* _TASK_
Retype exactly the span of lines below from the one with "Close-up of burning" through the one with "Endoscopic tissue resection device". Do not include pictures.

* _DATA_
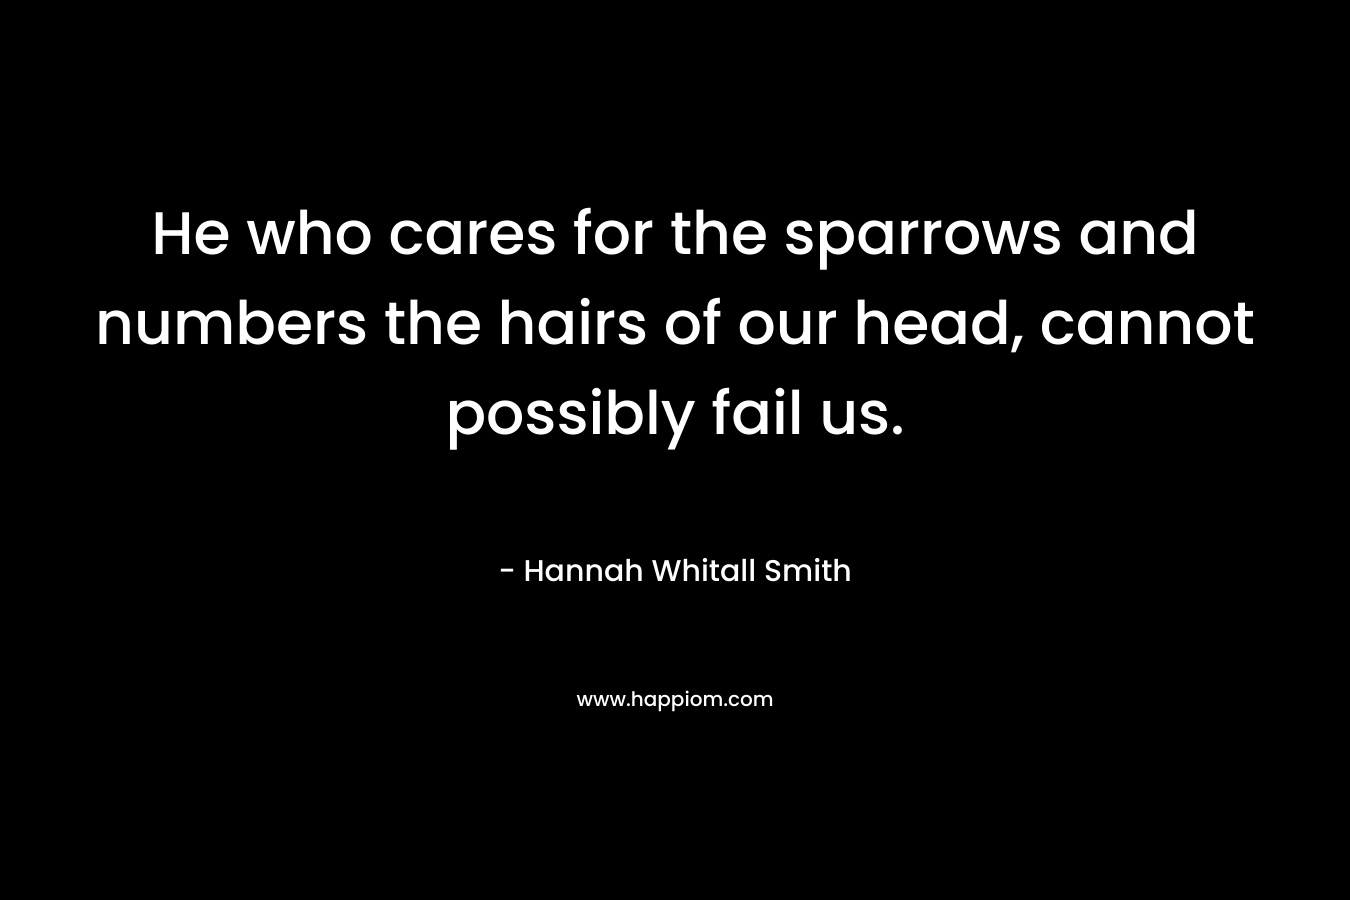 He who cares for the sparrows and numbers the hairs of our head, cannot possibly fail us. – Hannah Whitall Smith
---
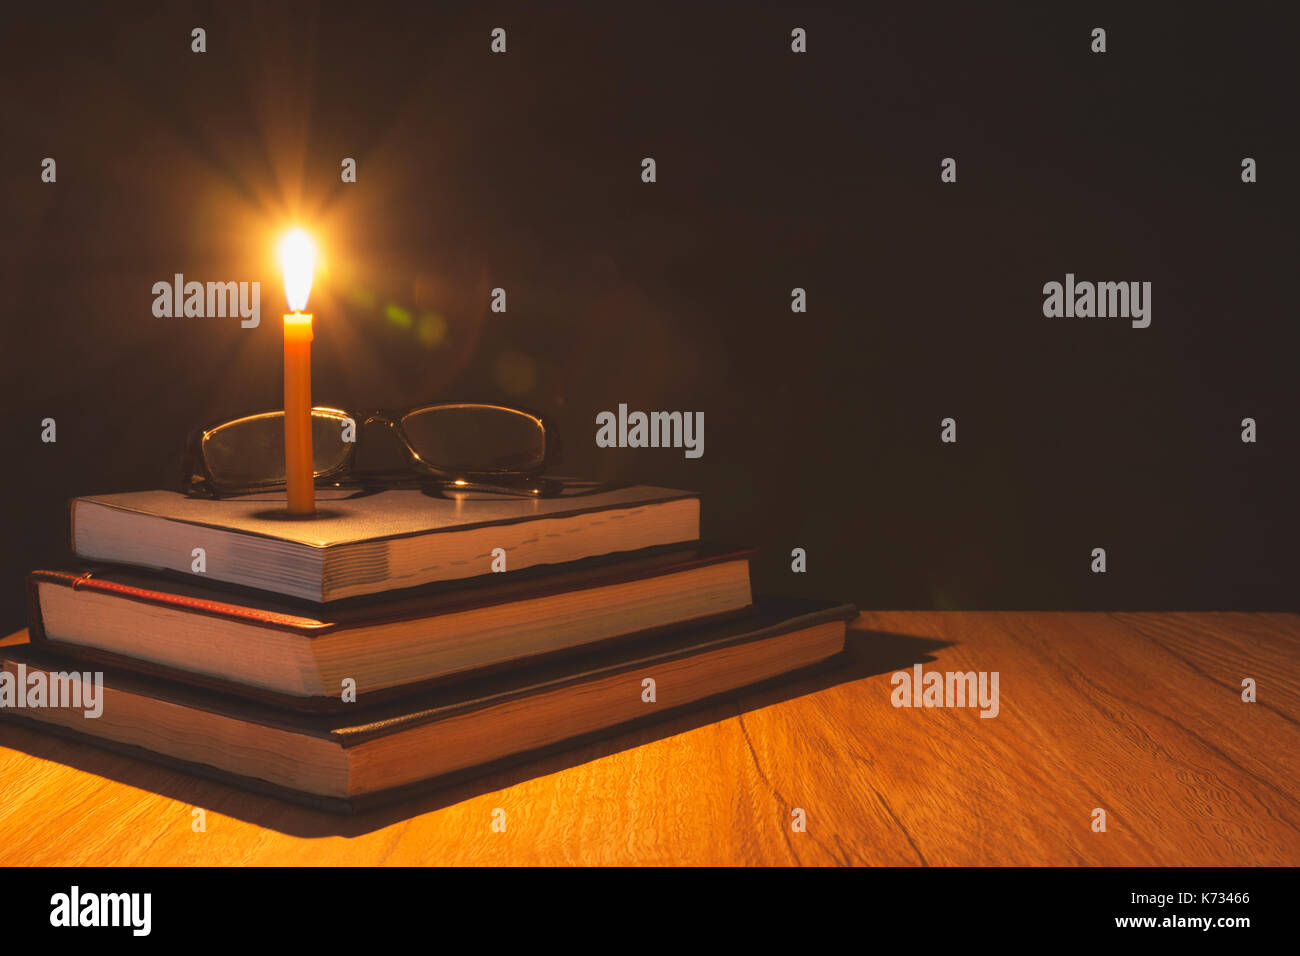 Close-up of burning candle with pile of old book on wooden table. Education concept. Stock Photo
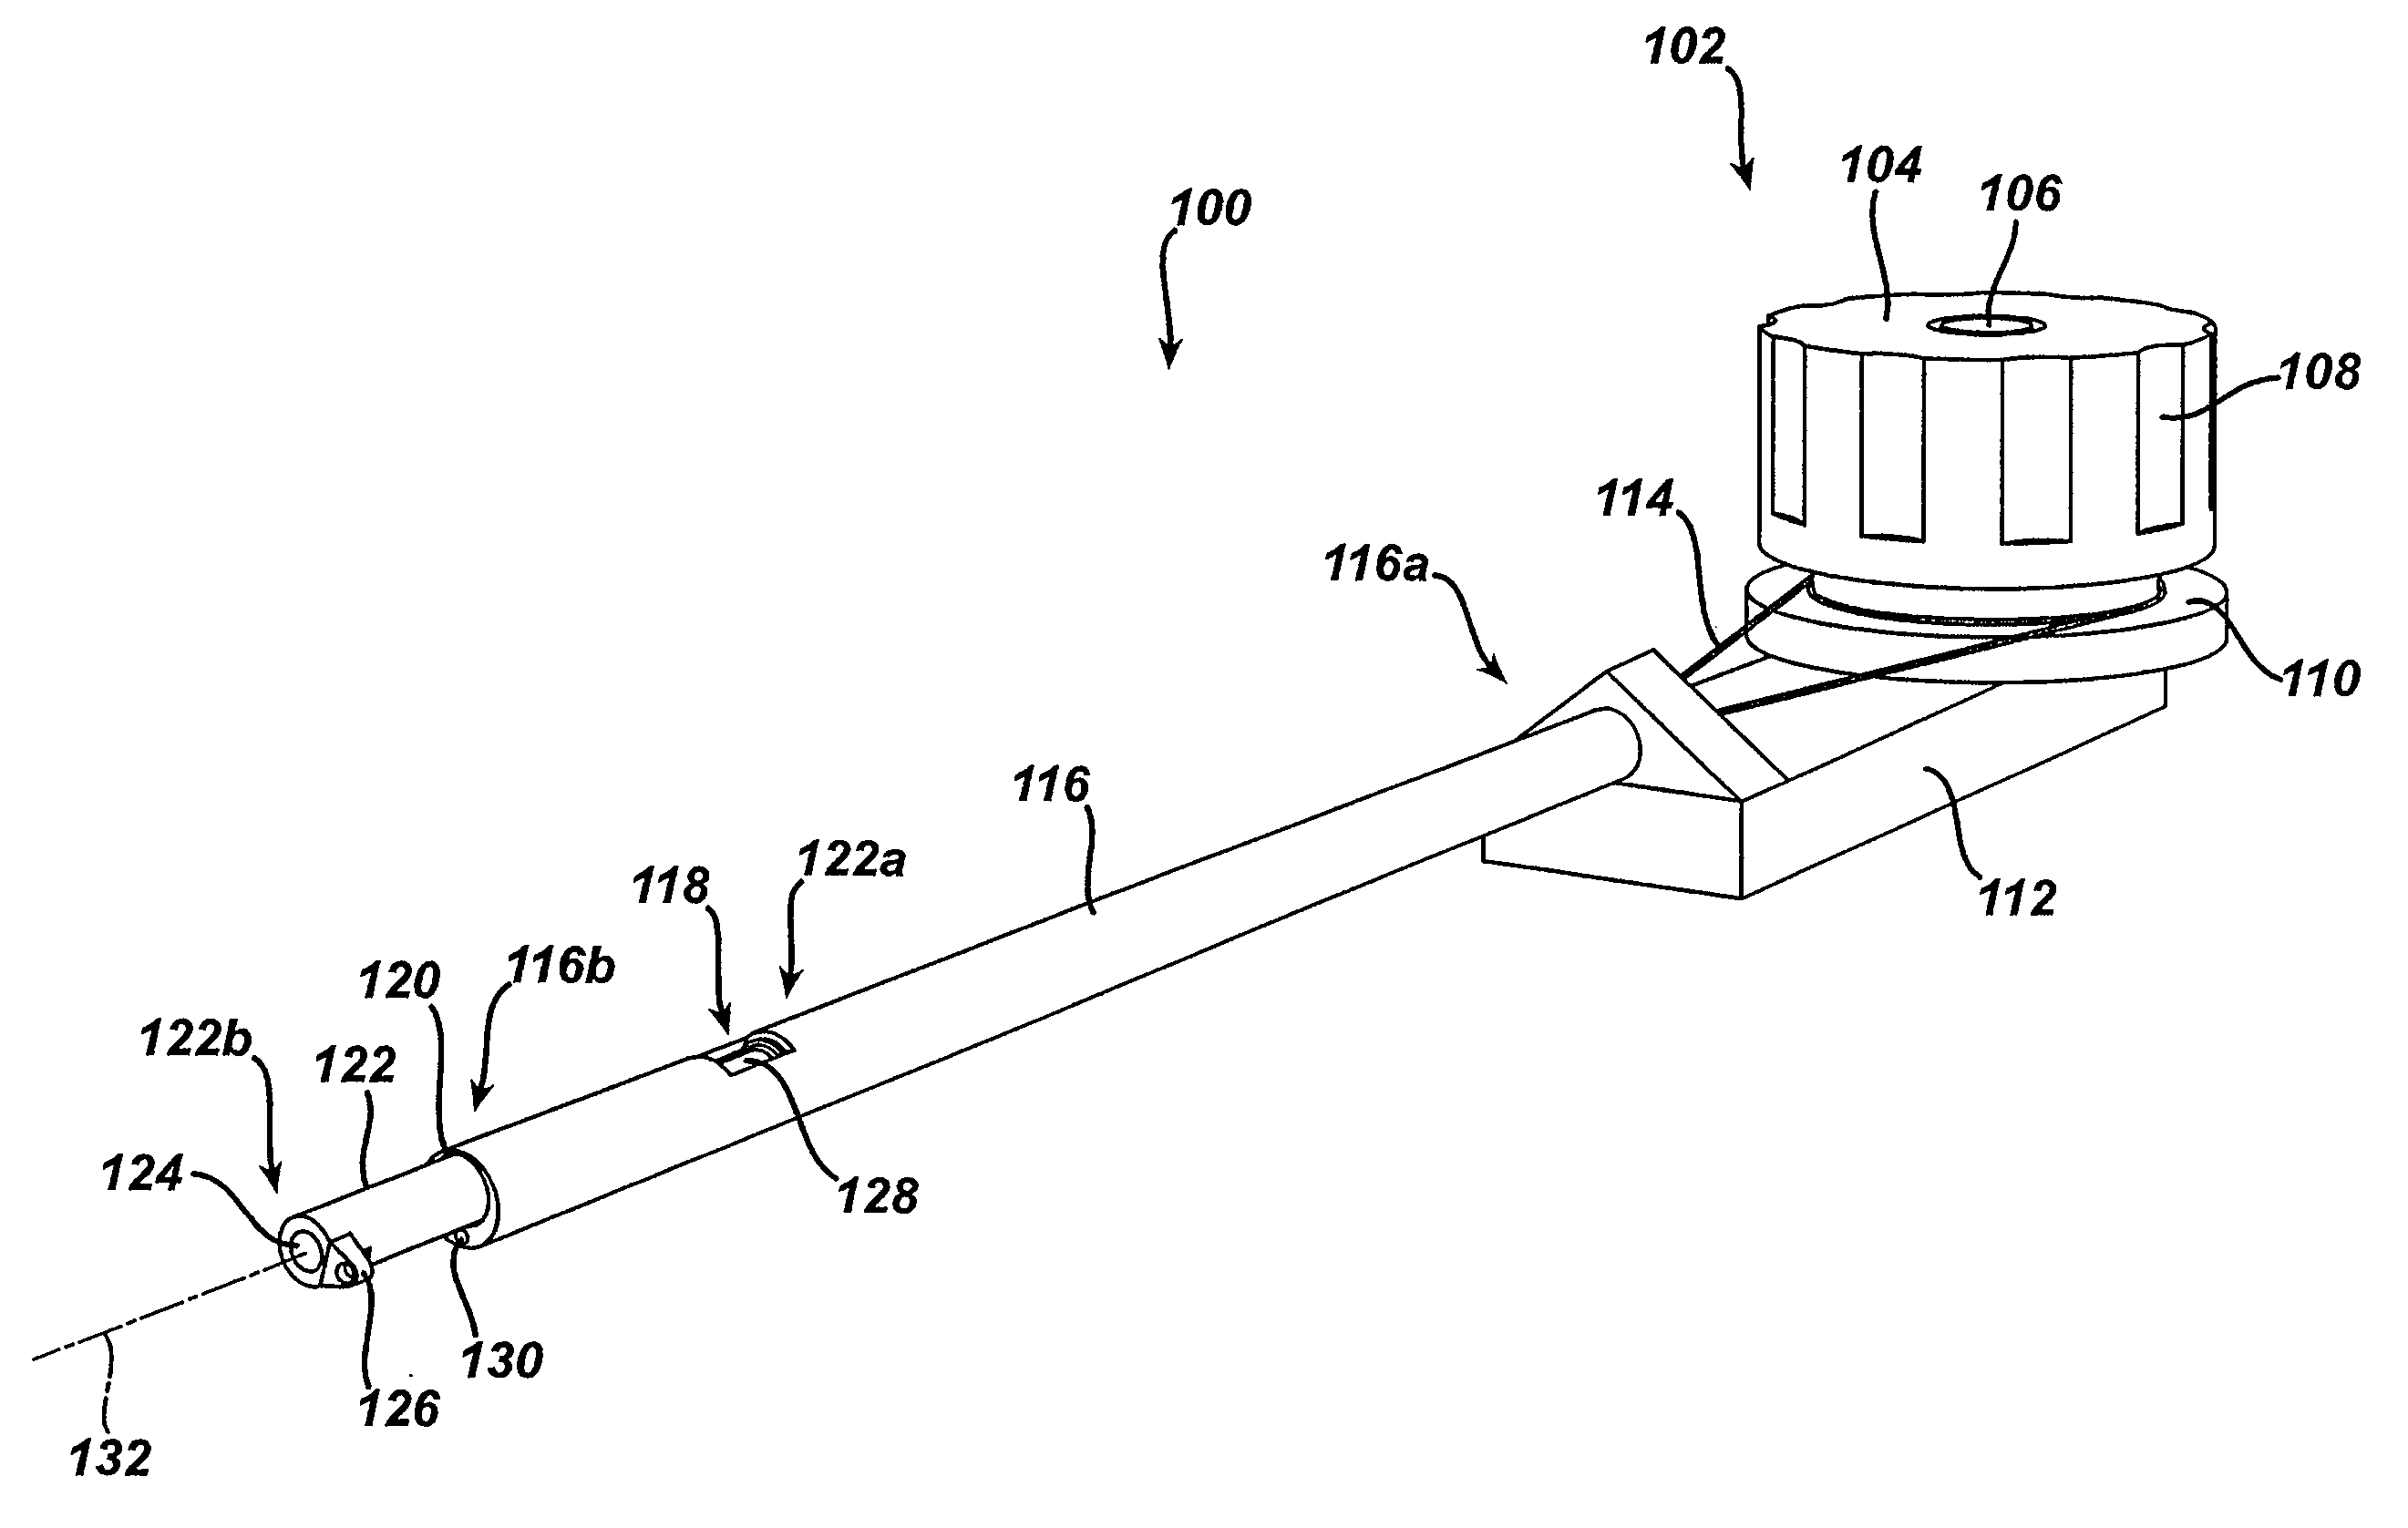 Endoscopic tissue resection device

* _YOUR RESPONSE_
 Close-up of burning candle with pile of old book on wooden table. Education concept. Stock Photo
 Endoscopic tissue resection device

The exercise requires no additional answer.